→ **What is being asked**: Below are some records. Return exactly their lines from the one containing "Ce tapis contemporain" through the one containing "La pièce s'inspire de motifs", and drop the pictures.

→ **Material supplied**:
+-------+

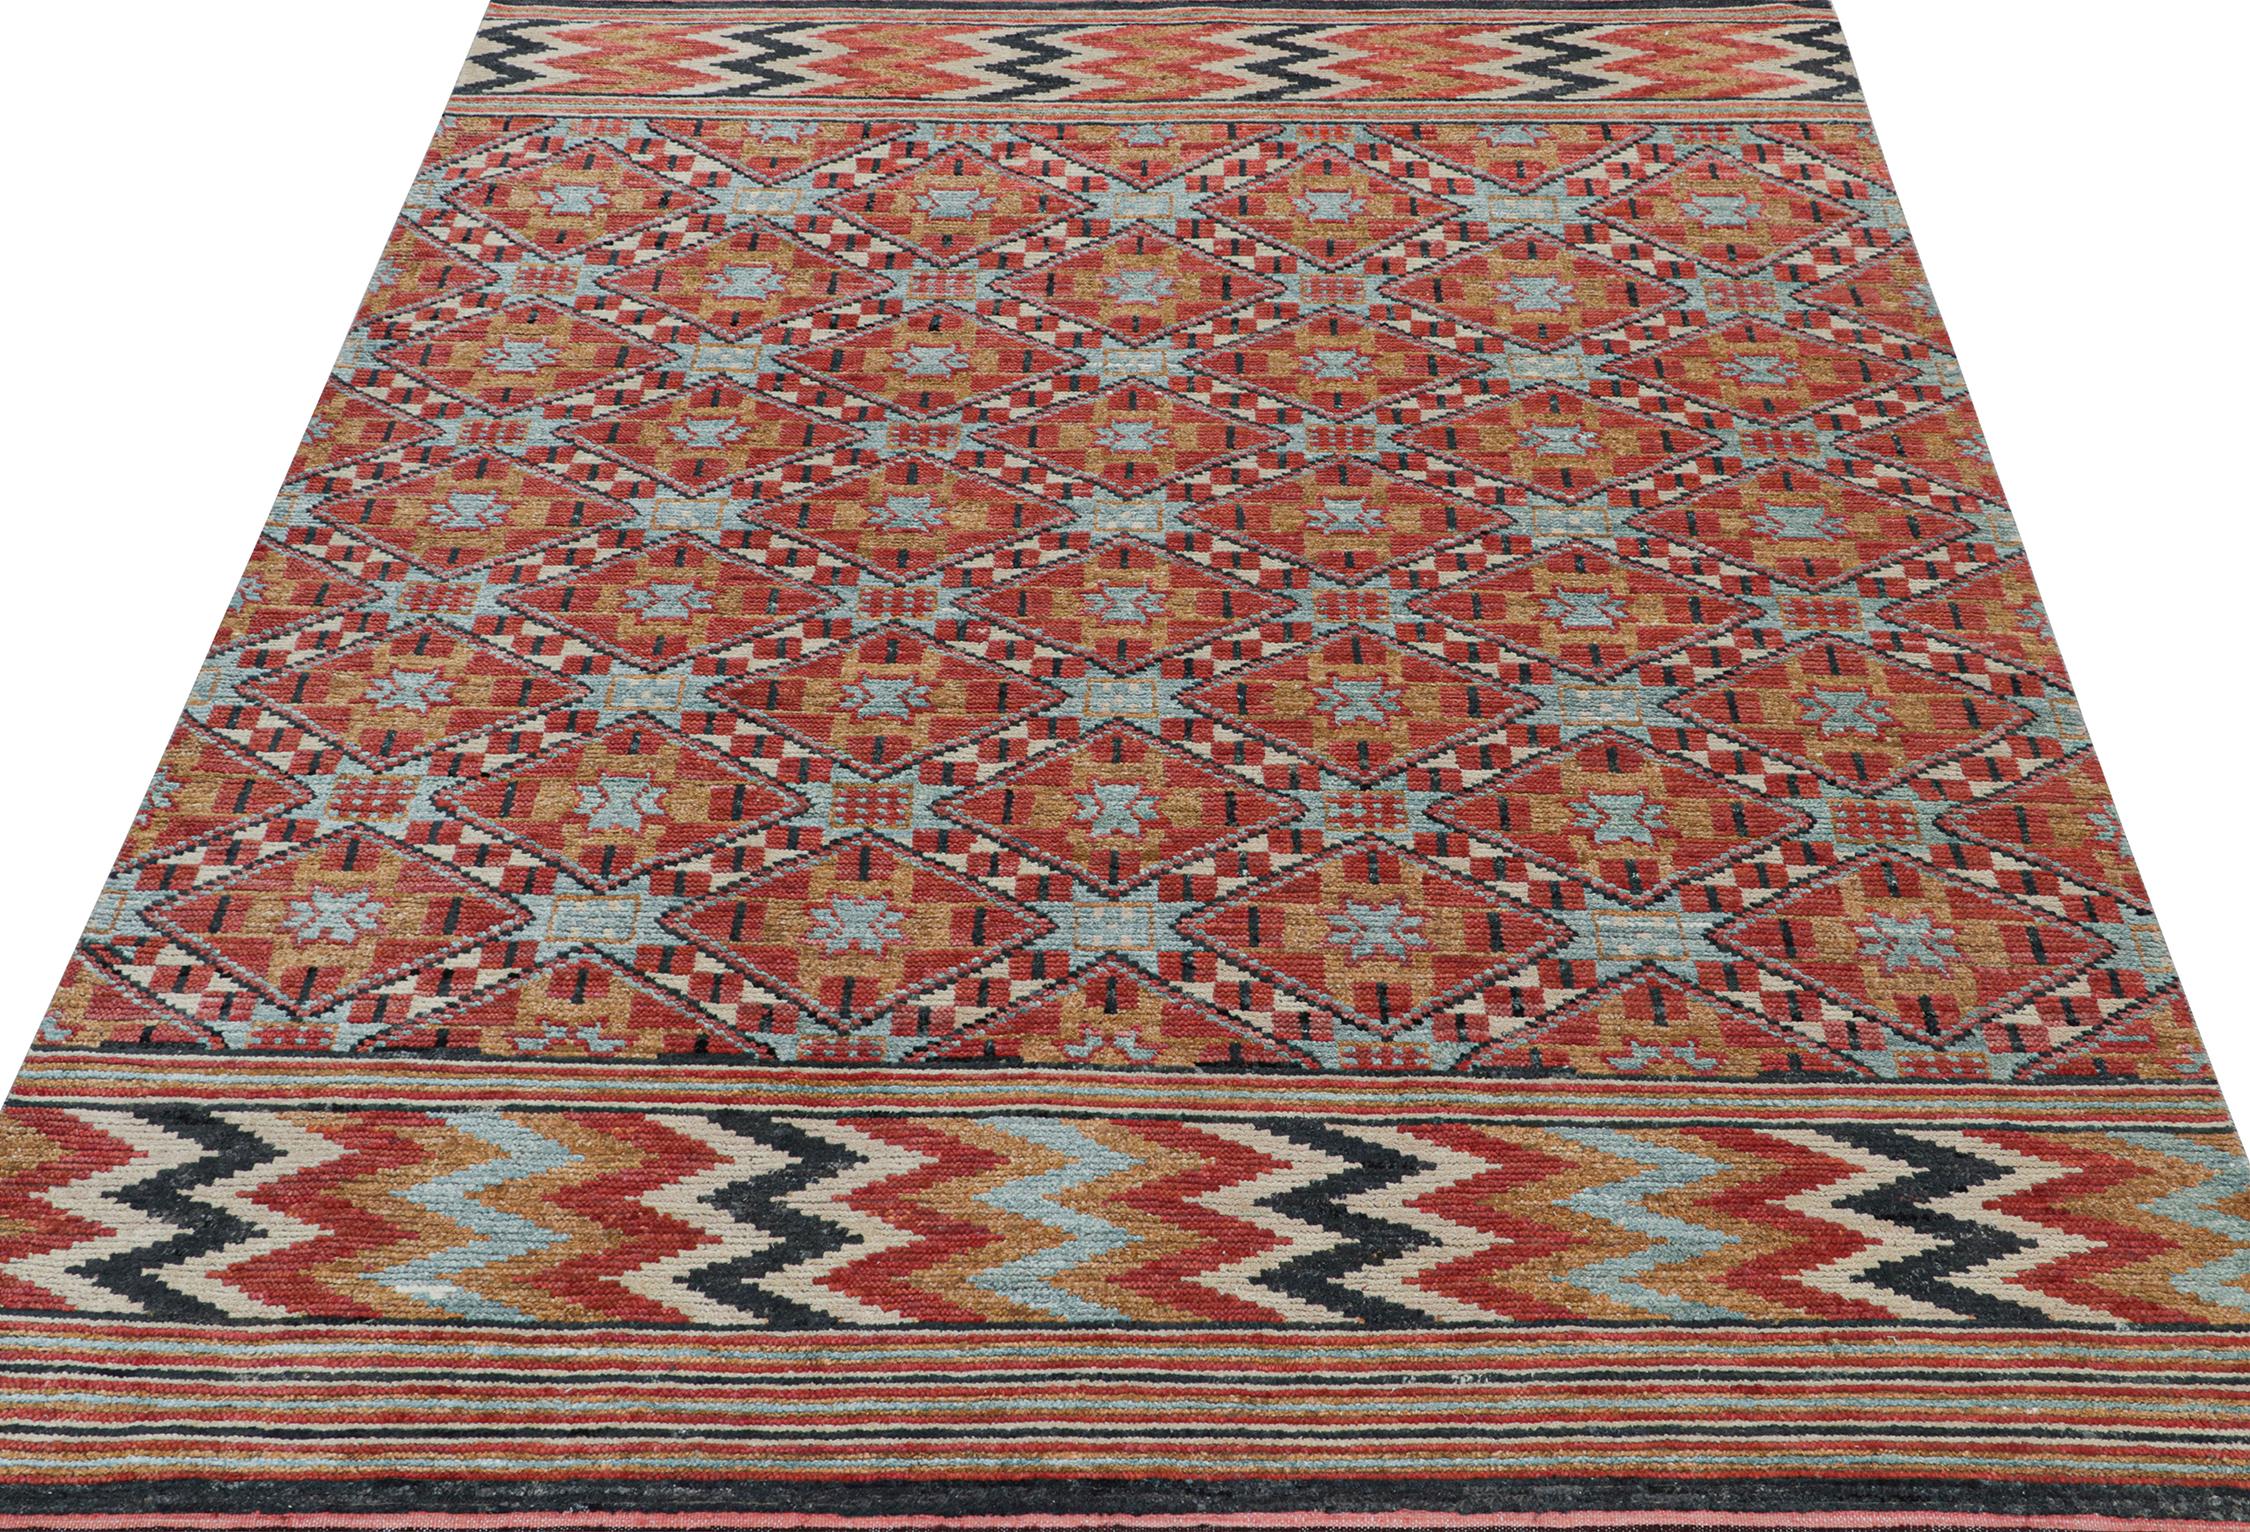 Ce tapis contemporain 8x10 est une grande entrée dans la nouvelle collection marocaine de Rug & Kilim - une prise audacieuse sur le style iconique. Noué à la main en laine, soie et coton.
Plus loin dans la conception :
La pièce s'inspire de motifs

+-------+

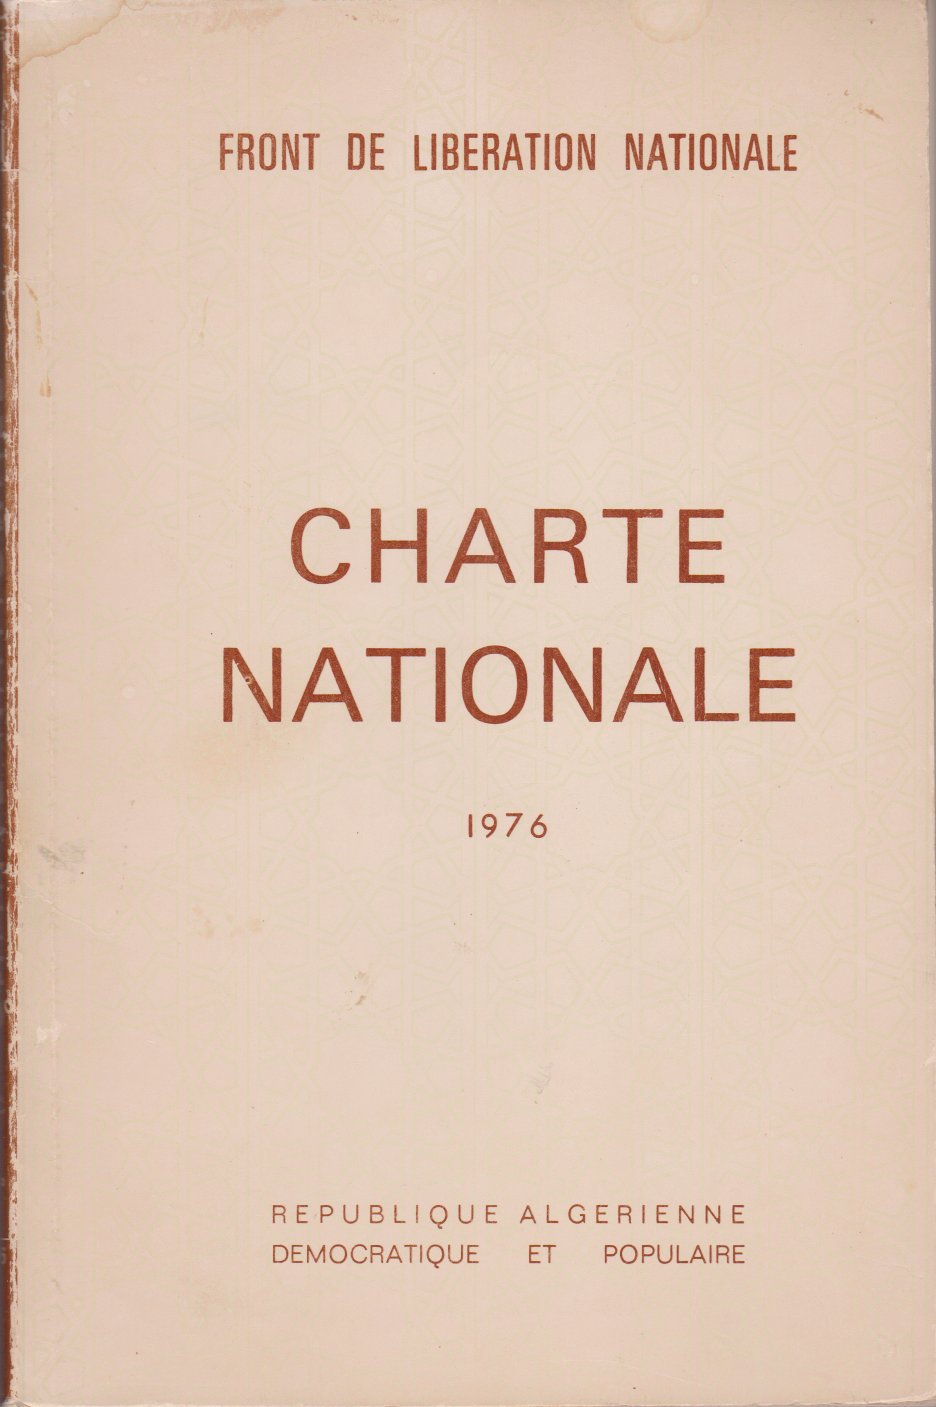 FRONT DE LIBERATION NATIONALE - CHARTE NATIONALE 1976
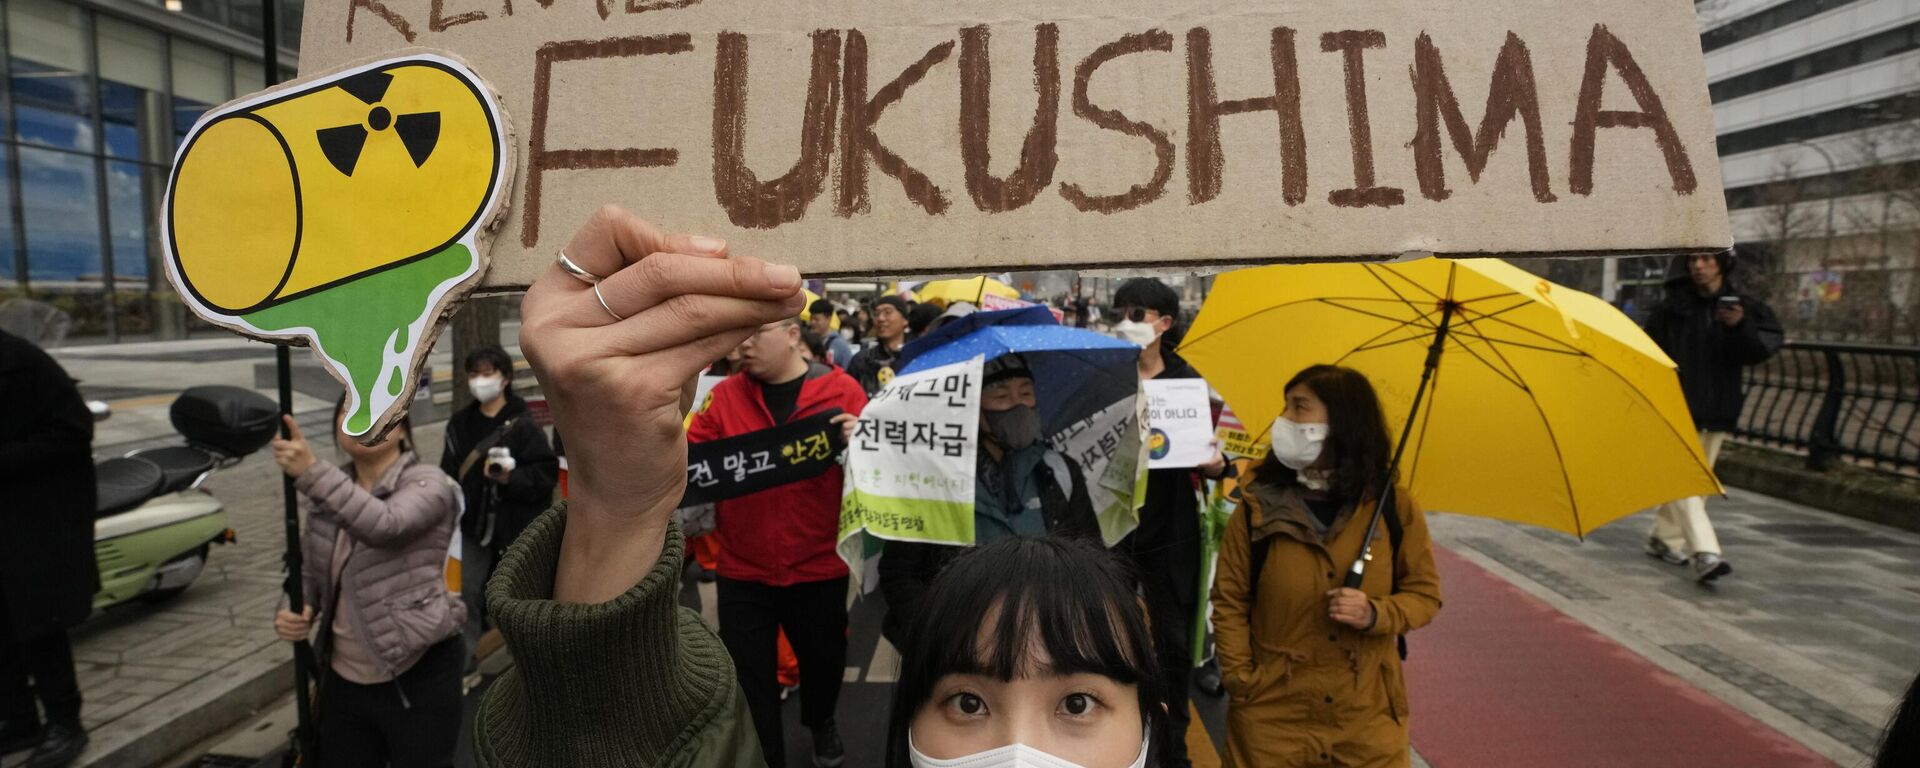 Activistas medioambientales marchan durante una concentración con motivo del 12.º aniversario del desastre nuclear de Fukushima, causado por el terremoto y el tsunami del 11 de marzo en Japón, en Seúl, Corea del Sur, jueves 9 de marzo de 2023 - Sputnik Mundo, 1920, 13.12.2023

+-------+

→ **Response to this exercise**:
 Ce tapis contemporain 8x10 est une grande entrée dans la nouvelle collection marocaine de Rug & Kilim - une prise audacieuse sur le style iconique. Noué à la main en laine, soie et coton.
Plus loin dans la conception :
La pièce s'inspire de motifs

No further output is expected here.